Start of Given data

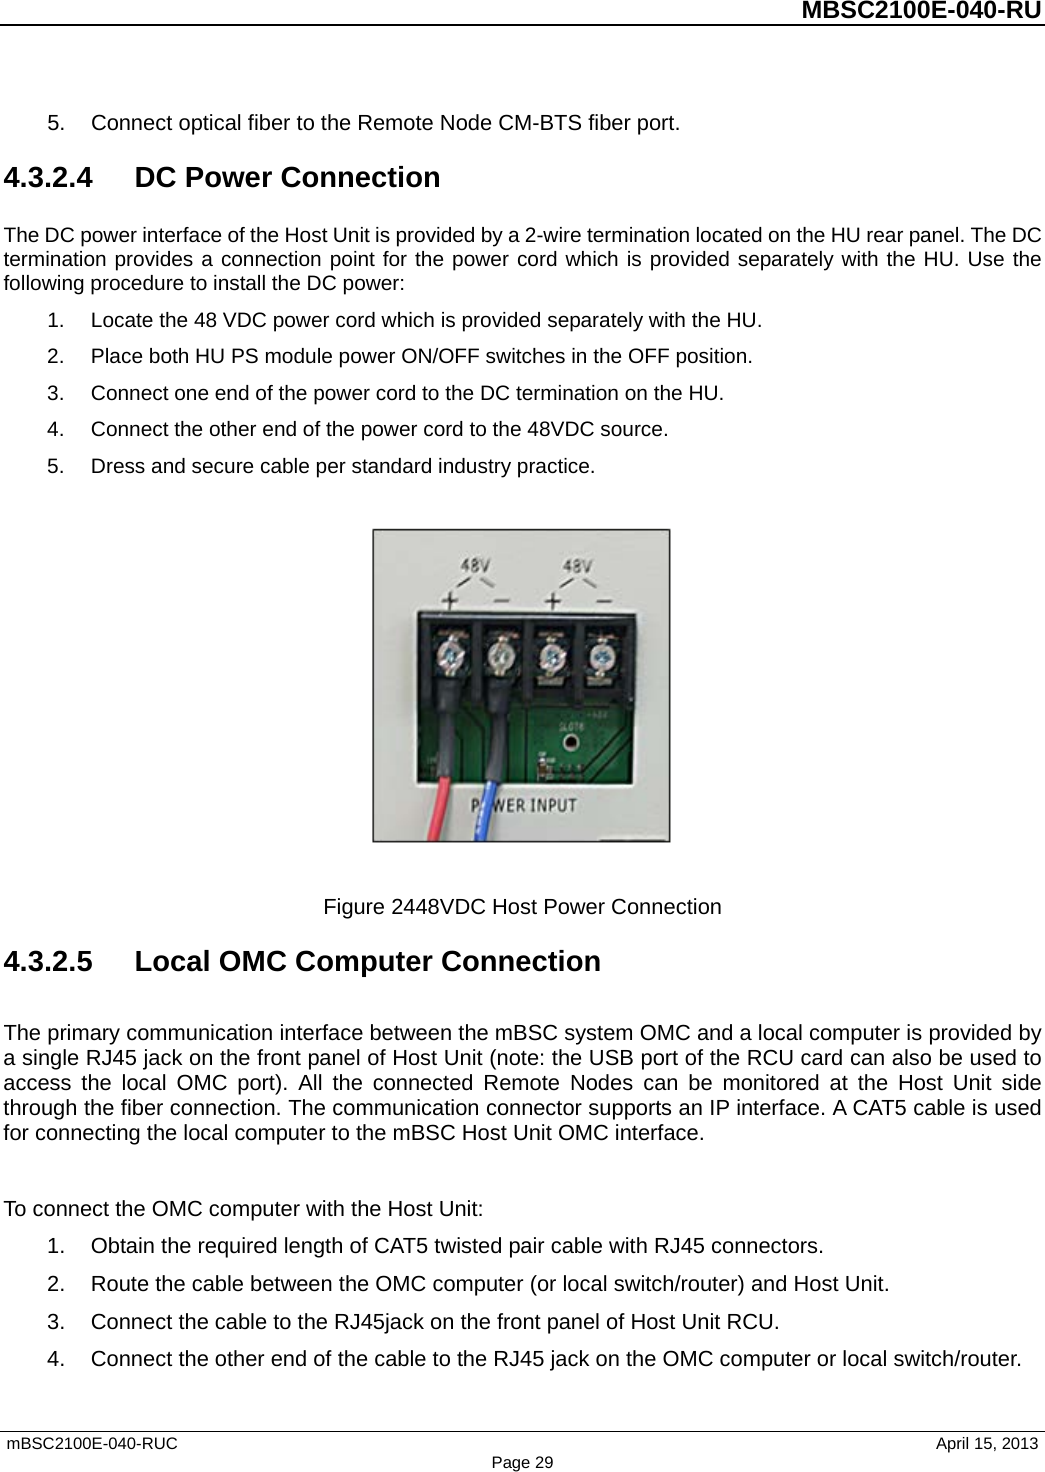          MBSC2100E-040-RU   mBSC2100E-040-RUC                                     April 15, 2013 Page 29 5. Connect optical fiber to the Remote Node CM-BTS fiber port. 4.3.2.4  DC Power Connection The DC power interface of the Host Unit is provided by a 2-wire termination located on the HU rear panel. The DC termination provides a connection point for the power cord which is provided separately with the HU. Use the following procedure to install the DC power: 1. Locate the 48 VDC power cord which is provided separately with the HU.   2. Place both HU PS module power ON/OFF switches in the OFF position. 3. Connect one end of the power cord to the DC termination on the HU. 4. Connect the other end of the power cord to the 48VDC source. 5. Dress and secure cable per standard industry practice.    Figure 2448VDC Host Power Connection 4.3.2.5 Local OMC Computer Connection The primary communication interface between the mBSC system OMC and a local computer is provided by a single RJ45 jack on the front panel of Host Unit (note: the USB port of the RCU card can also be used to access the local OMC port). All the connected Remote Nodes can be monitored at the Host Unit side through the fiber connection. The communication connector supports an IP interface. A CAT5 cable is used for connecting the local computer to the mBSC Host Unit OMC interface.  To connect the OMC computer with the Host Unit: 1. Obtain the required length of CAT5 twisted pair cable with RJ45 connectors. 2. Route the cable between the OMC computer (or local switch/router) and Host Unit. 3. Connect the cable to the RJ45jack on the front panel of Host Unit RCU. 4. Connect the other end of the cable to the RJ45 jack on the OMC computer or local switch/router. 
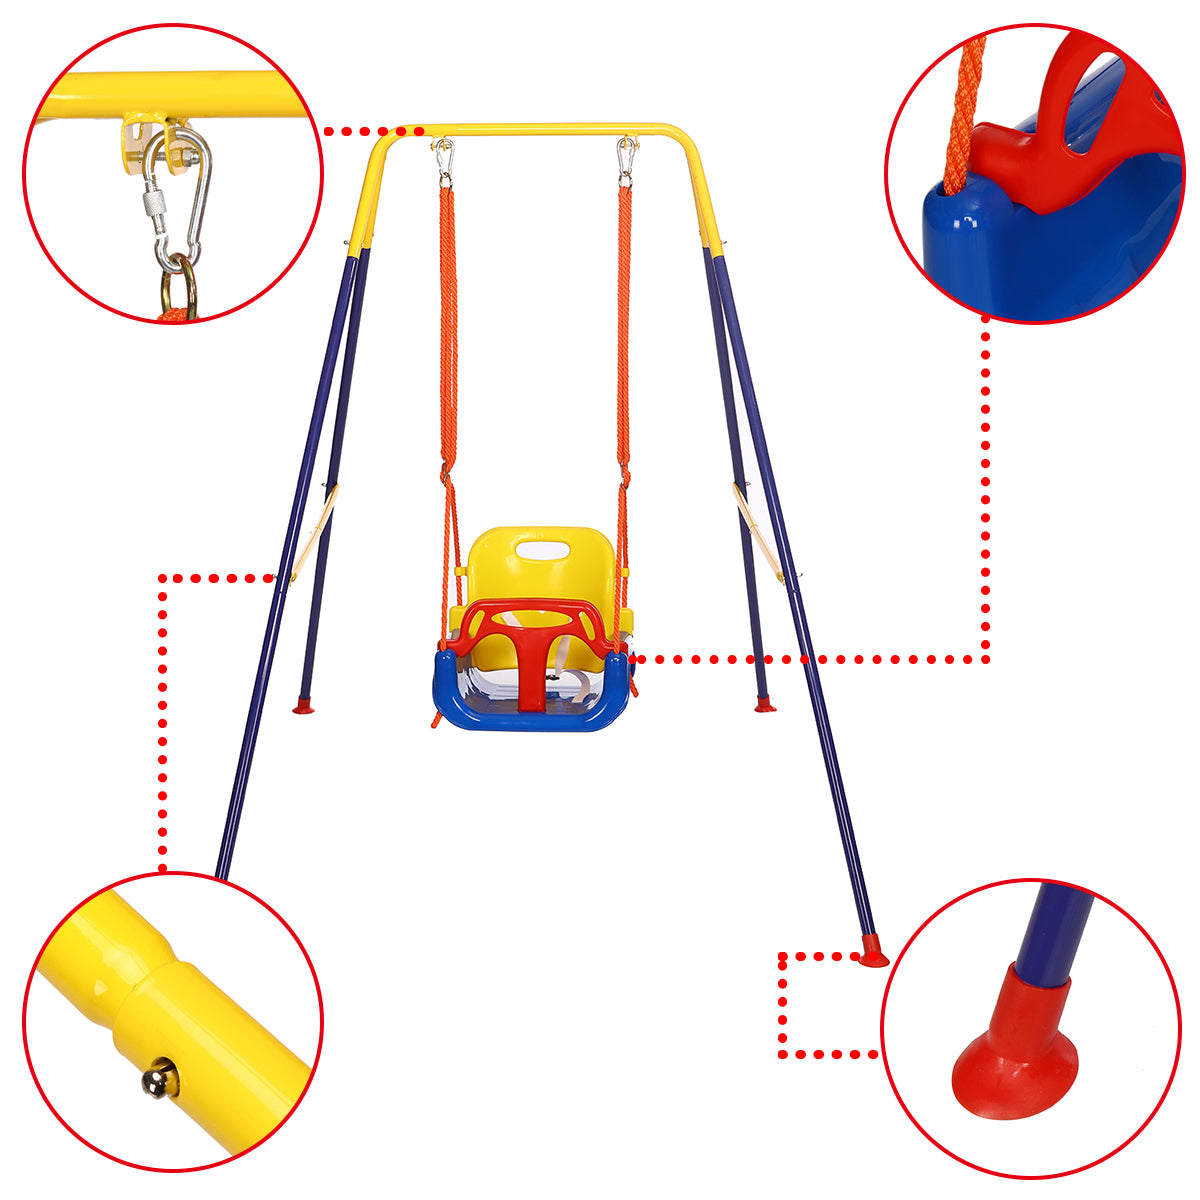 Kid Toddler Swing Seat with Stand Folding Frame 3-in-1 Kid Swing Set with Safety Seat Max 110Pounds for utdoor Indoor Backyard Play - Blue&Yellow
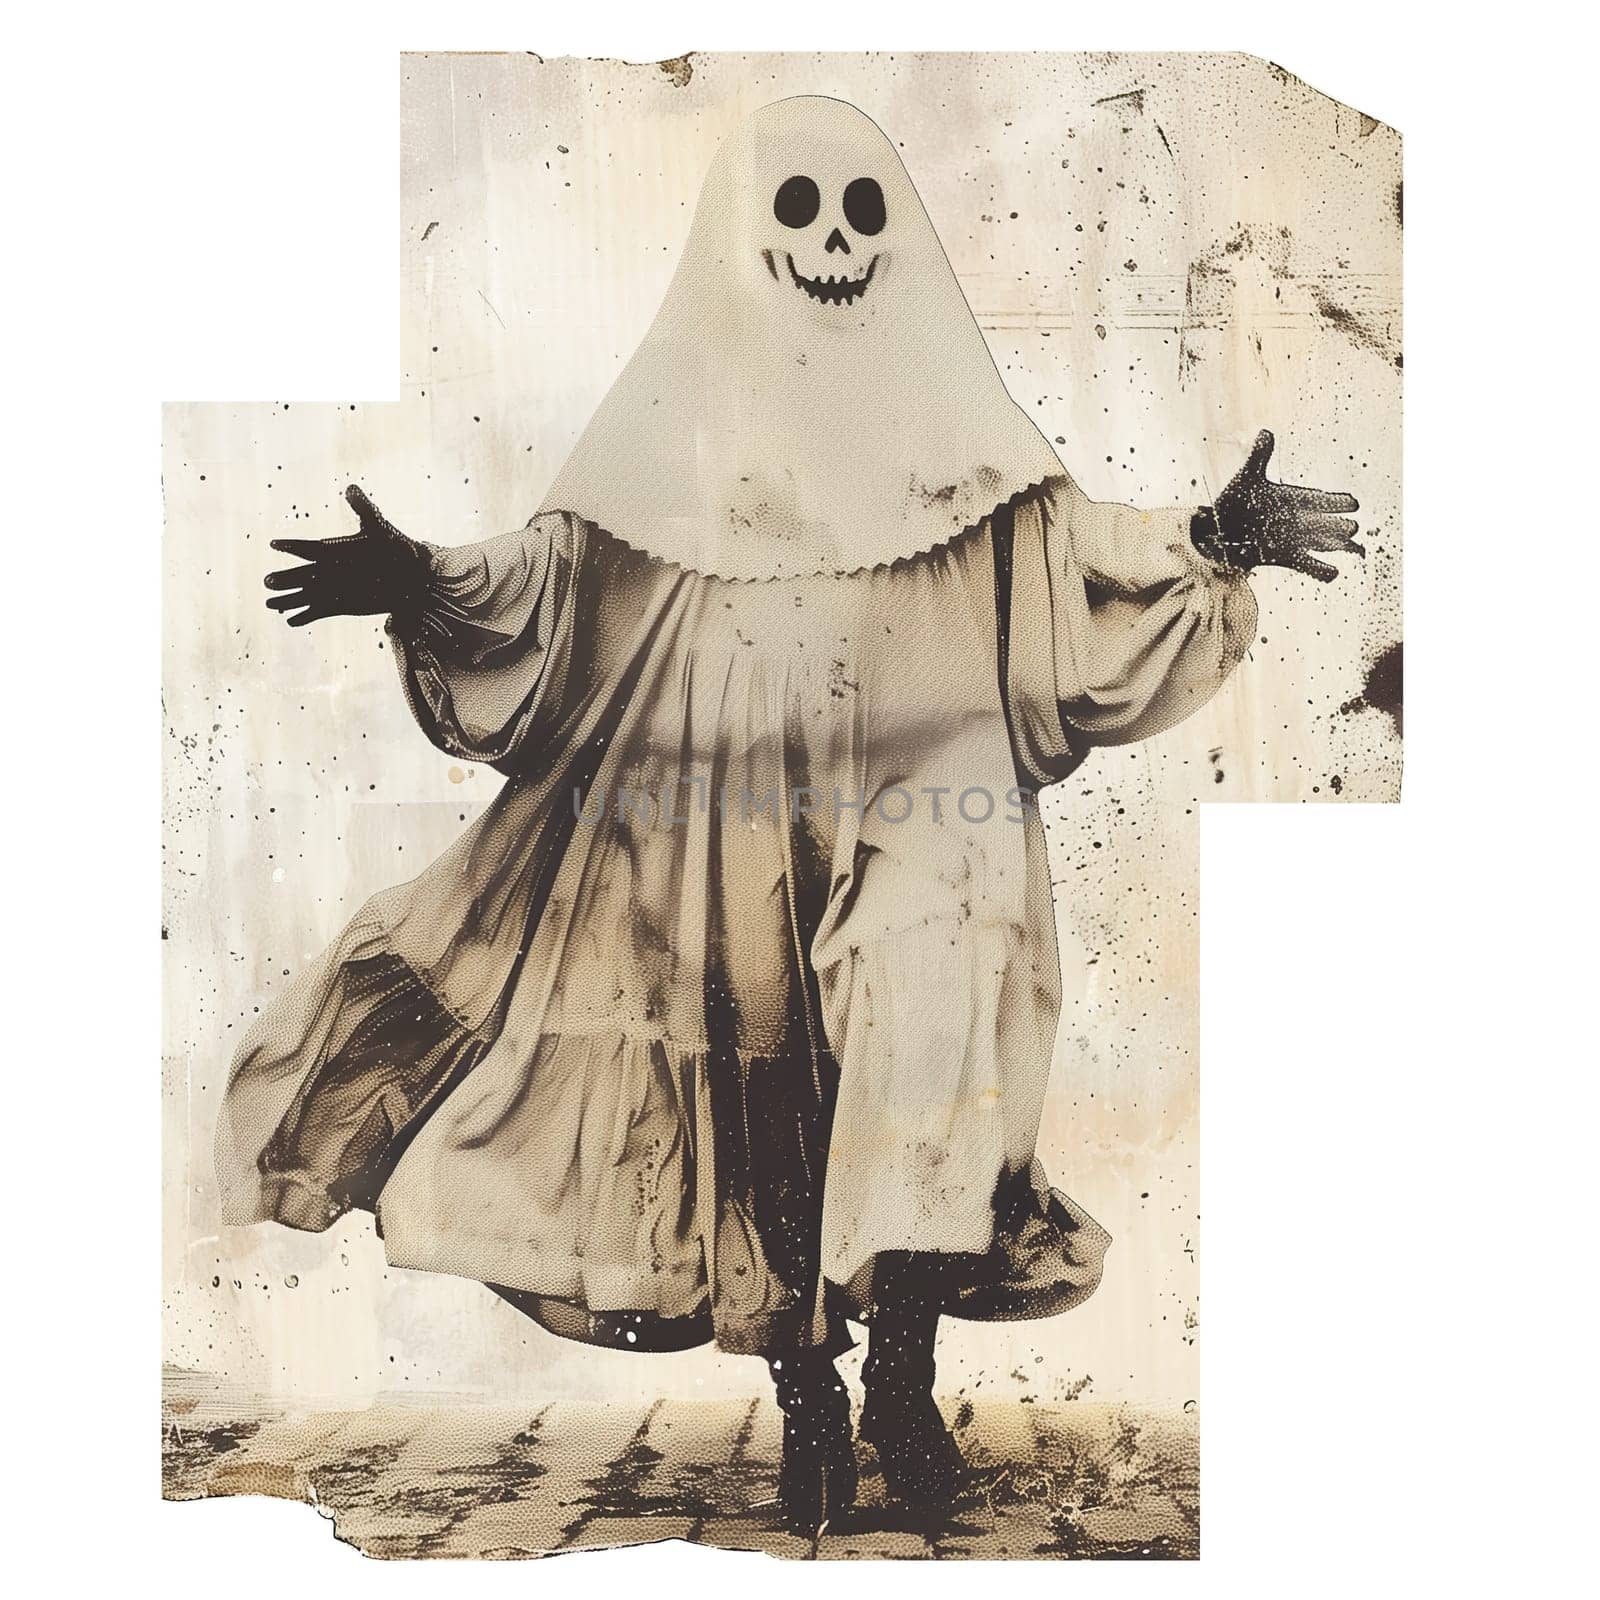 Monochrome vintage photo of halloween ghost cut out image by Dustick
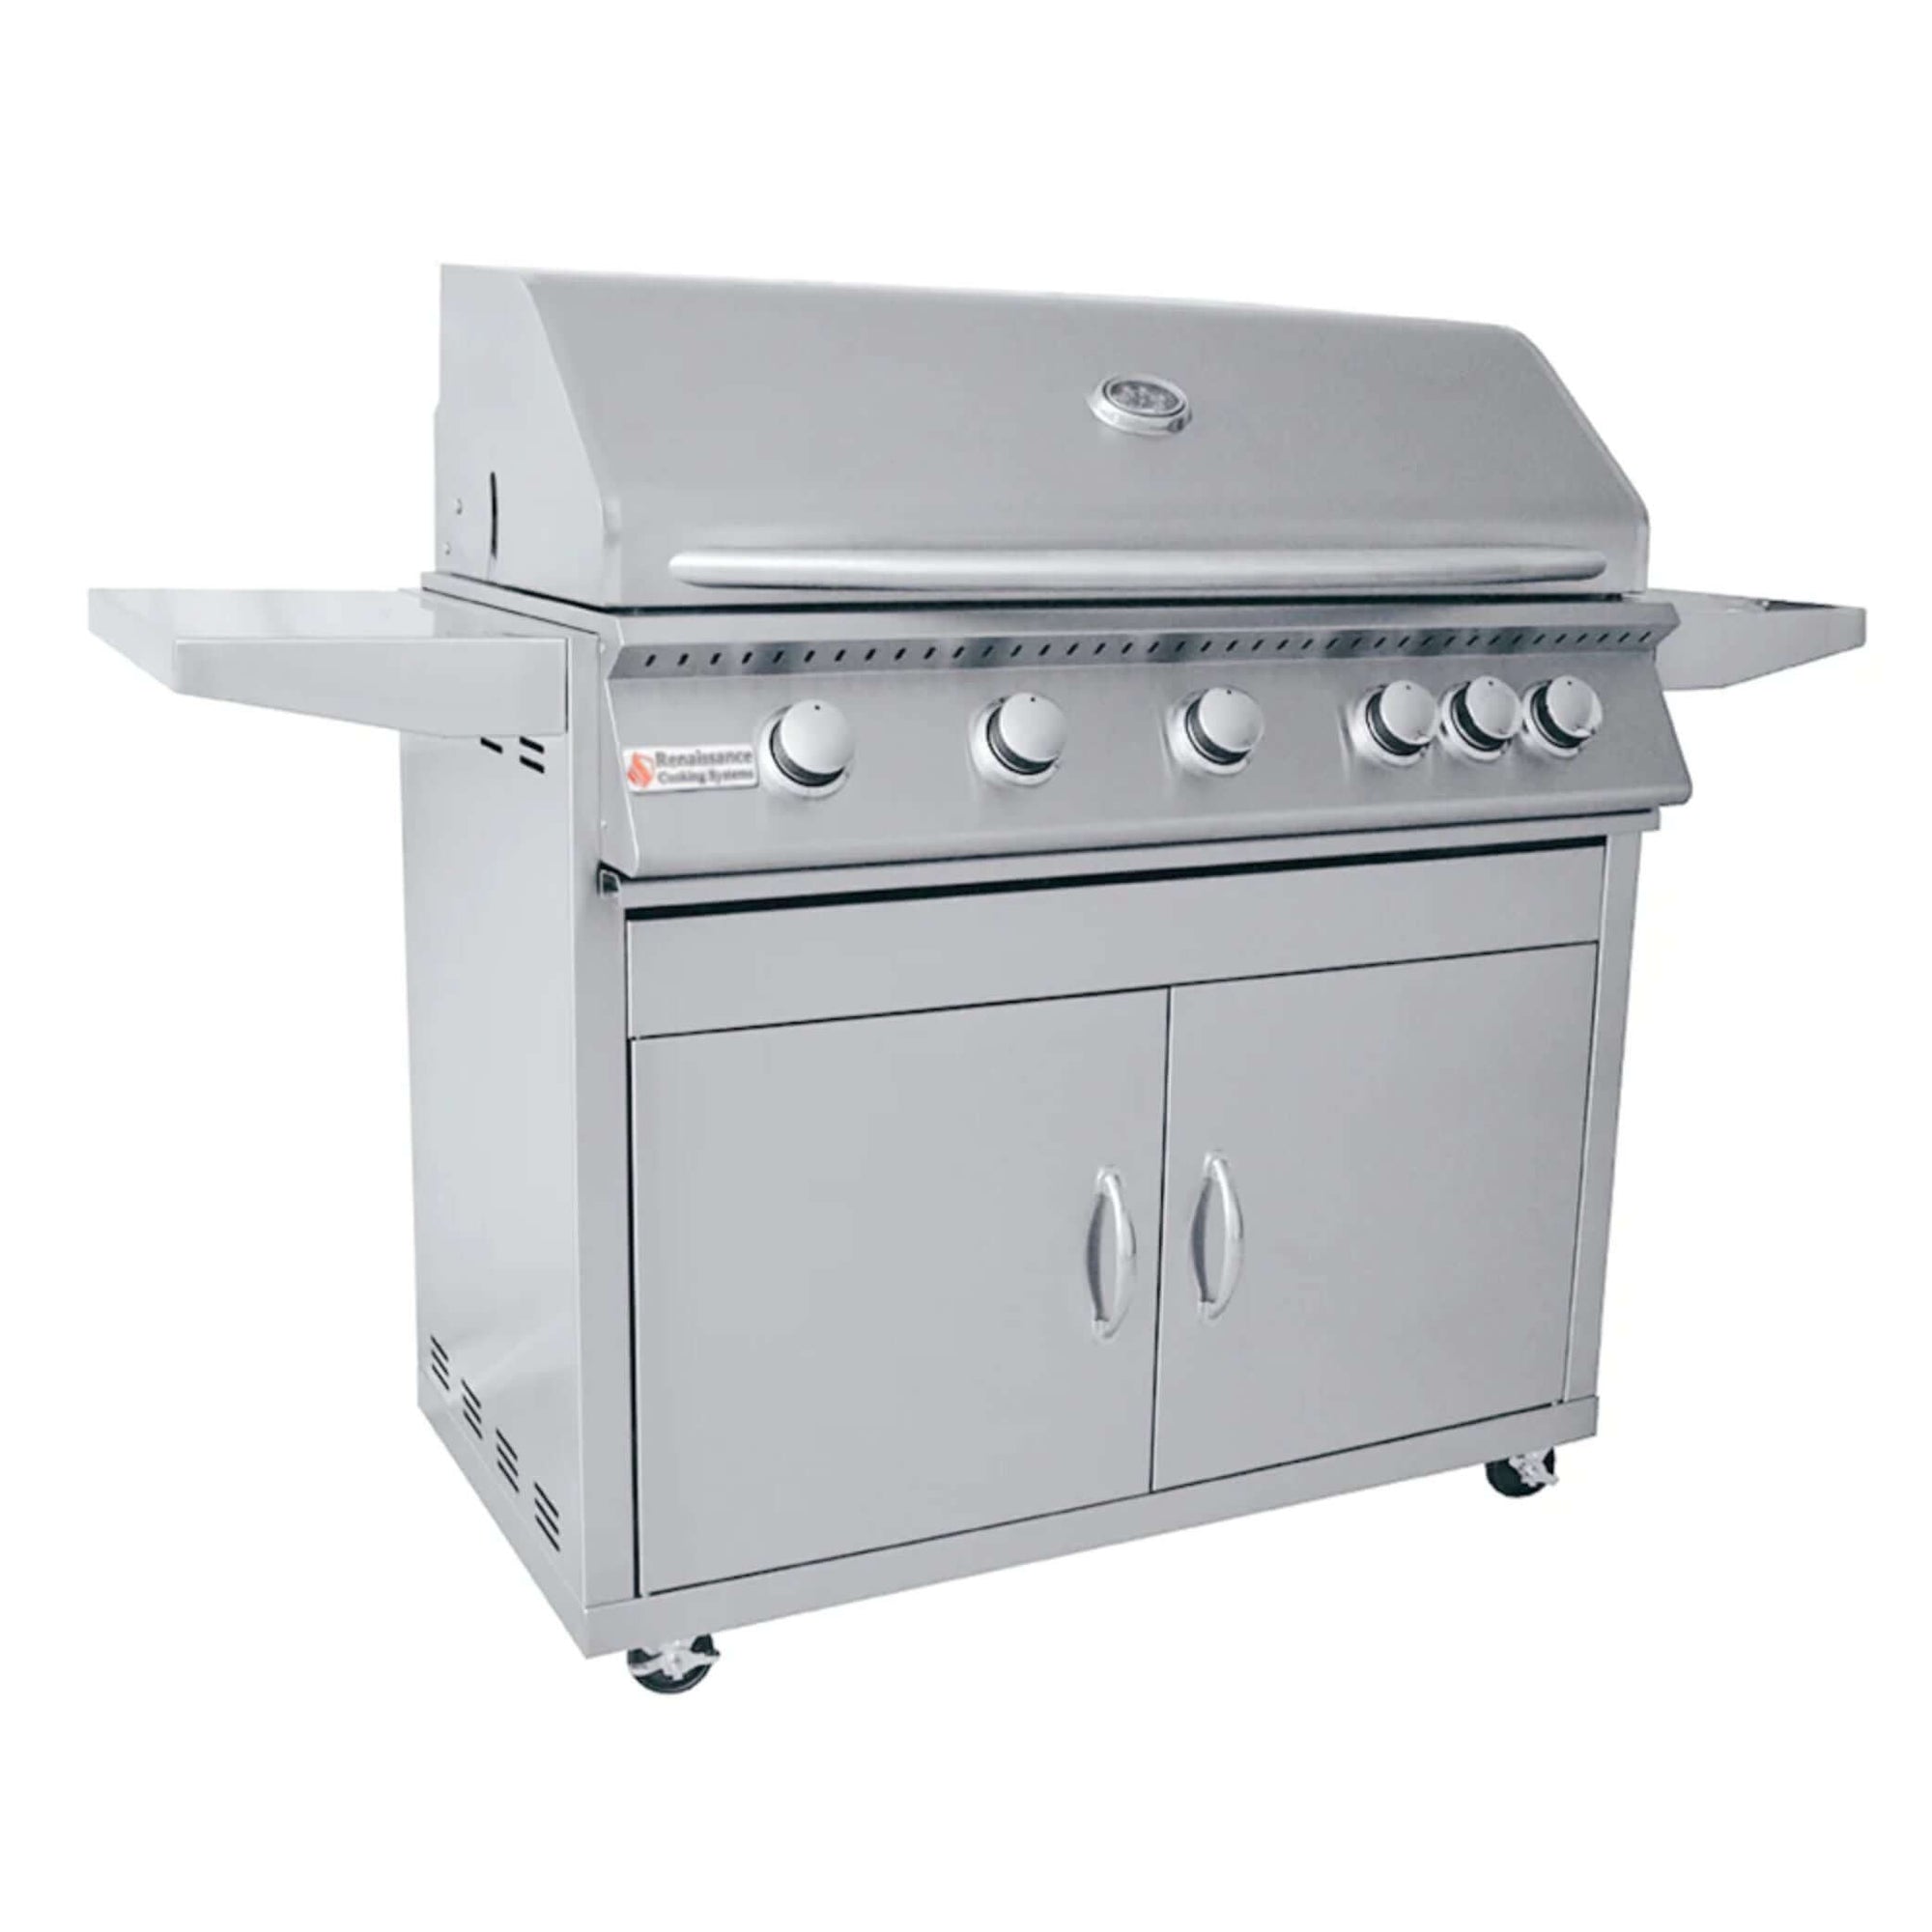 Renaissance Cooking Systems 40" Premier Freestanding Grill-Natural Gas

End of Given data

The listing above must be repeated exactly, apart from the pictures.

          MBSC2100E-040-RU   mBSC2100E-040-RUC                                     April 15, 2013 Page 29 5. Connect optical fiber to the Remote Node CM-BTS fiber port. 4.3.2.4  DC Power Connection The DC power interface of the Host Unit is provided by a 2-wire termination located on the HU rear panel. The DC termination provides a connection point for the power cord which is provided separately with the HU. Use the following procedure to install the DC power: 1. Locate the 48 VDC power cord which is provided separately with the HU.   2. Place both HU PS module power ON/OFF switches in the OFF position. 3. Connect one end of the power cord to the DC termination on the HU. 4. Connect the other end of the power cord to the 48VDC source. 5. Dress and secure cable per standard industry practice.    Figure 2448VDC Host Power Connection 4.3.2.5 Local OMC Computer Connection The primary communication interface between the mBSC system OMC and a local computer is provided by a single RJ45 jack on the front panel of Host Unit (note: the USB port of the RCU card can also be used to access the local OMC port). All the connected Remote Nodes can be monitored at the Host Unit side through the fiber connection. The communication connector supports an IP interface. A CAT5 cable is used for connecting the local computer to the mBSC Host Unit OMC interface.  To connect the OMC computer with the Host Unit: 1. Obtain the required length of CAT5 twisted pair cable with RJ45 connectors. 2. Route the cable between the OMC computer (or local switch/router) and Host Unit. 3. Connect the cable to the RJ45jack on the front panel of Host Unit RCU. 4. Connect the other end of the cable to the RJ45 jack on the OMC computer or local switch/router. 
 Kid Toddler Swing Seat with Stand Folding Frame 3-in-1 Kid Swing Set with Safety Seat Max 110Pounds for utdoor Indoor Backyard Play - Blue&Yellow
 Monochrome vintage photo of halloween ghost cut out image by Dustick
 Renaissance Cooking Systems 40" Premier Freestanding Grill-Natural Gas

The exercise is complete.